Provided that the term for which any

sum of money is secured for the benefit of a child shall not extend beyond the

date when the child attains 21 years of age.

[Ch2906s29]29. Power of subordinate matrimonial court to order service outside

the jurisdiction

(1) Where an action is to be brought before or is

being heard by a subordinate matrimonial court under this Act and such

subordinate matrimonial court on the application of any of the parties thereto

considers it necessary or expedient that service of any document be made

outside the jurisdiction, such subordinate matrimonial court shall make an

order remitting the documents for service to the High Court.

(2) Upon receipt of documents remitted by a

subordinate matrimonial court under the provisions of subsection (1) the High

Court shall, if it considers that such service should be effected, order such

service out of the jurisdiction and shall in all respects treat such documents

as if they had originated in the High Court.

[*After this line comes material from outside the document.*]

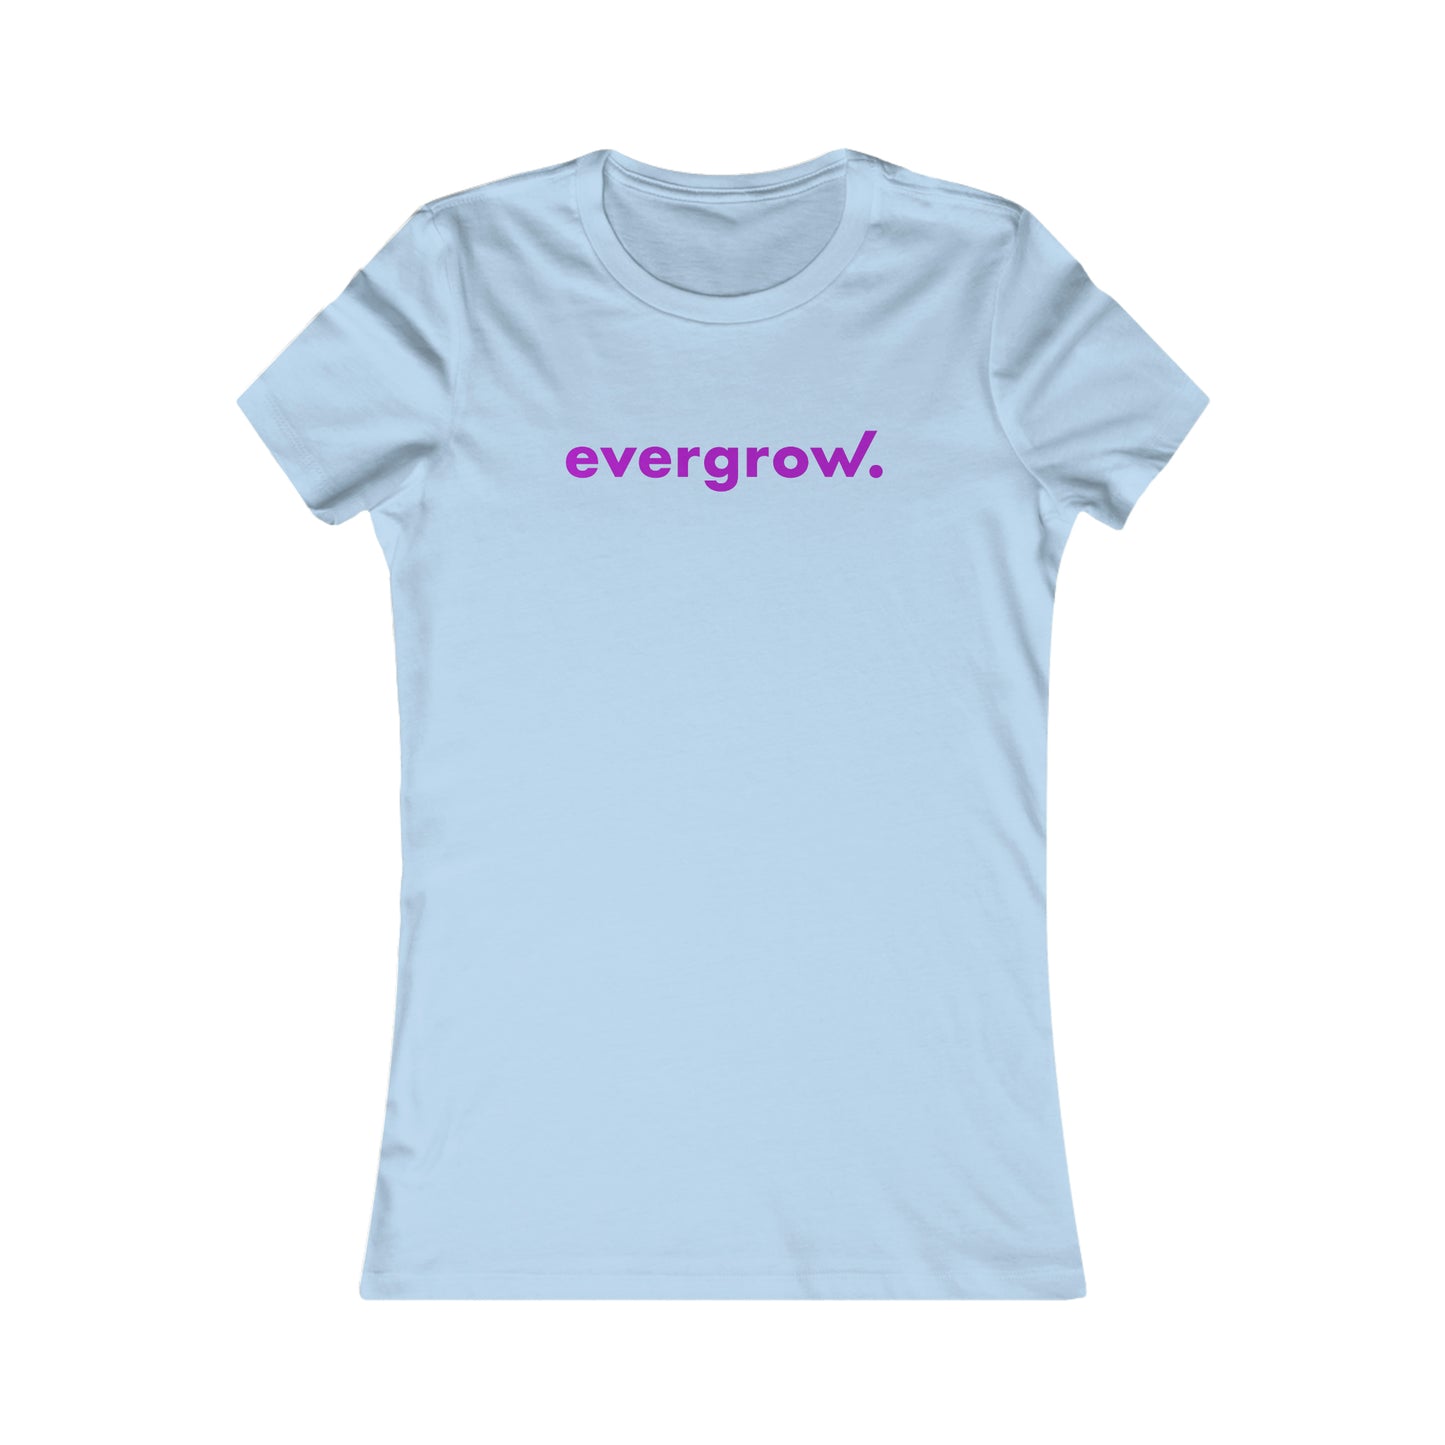 USA - Women's Favorite Tee with evergrow in purple on front - UTSW

(3) Any documents which the High Court orders to

be served outside the jurisdiction shall be returned to the High Court duly

served in such manner as the High Court may from time to time direct and the

High Court, on being satisfied that they have been duly and properly served

shall remit the documents to the subordinate matrimonial court from which they

originated.

(4) Upon receipt of documents from the High Court

duly served no objection or query shall be made either by the subordinate

matrimonial court or by any of the parties to the action as to the validity of

the manner in which they were so served but they shall be treated in all

respects as if they had been properly and validly served.

[Ch2906s30]30. Appeals

An appeal shall lie to the Court of Appeal-

(a) from

all final judgments of the High Court or of any subordinate matrimonial court

appointed under section 5; and

(b) by

leave of the High Court or Court of Appeal, from any interlocutory order, any

order made ex parte, or any order as to costs only.

[Ch2906s31]31. Power of Chief Justice to make rules

(1) The Chief Justice may, with the approval of

the Minister, make such rules as he may deem expedient to give effect to this

Act or for its better administration.

(2) Without derogating from the generality of

subsection (1) the rules may provide mutatis mutandis for all the

matters set out in section 28 of the Cap. 04:02 High Court Act.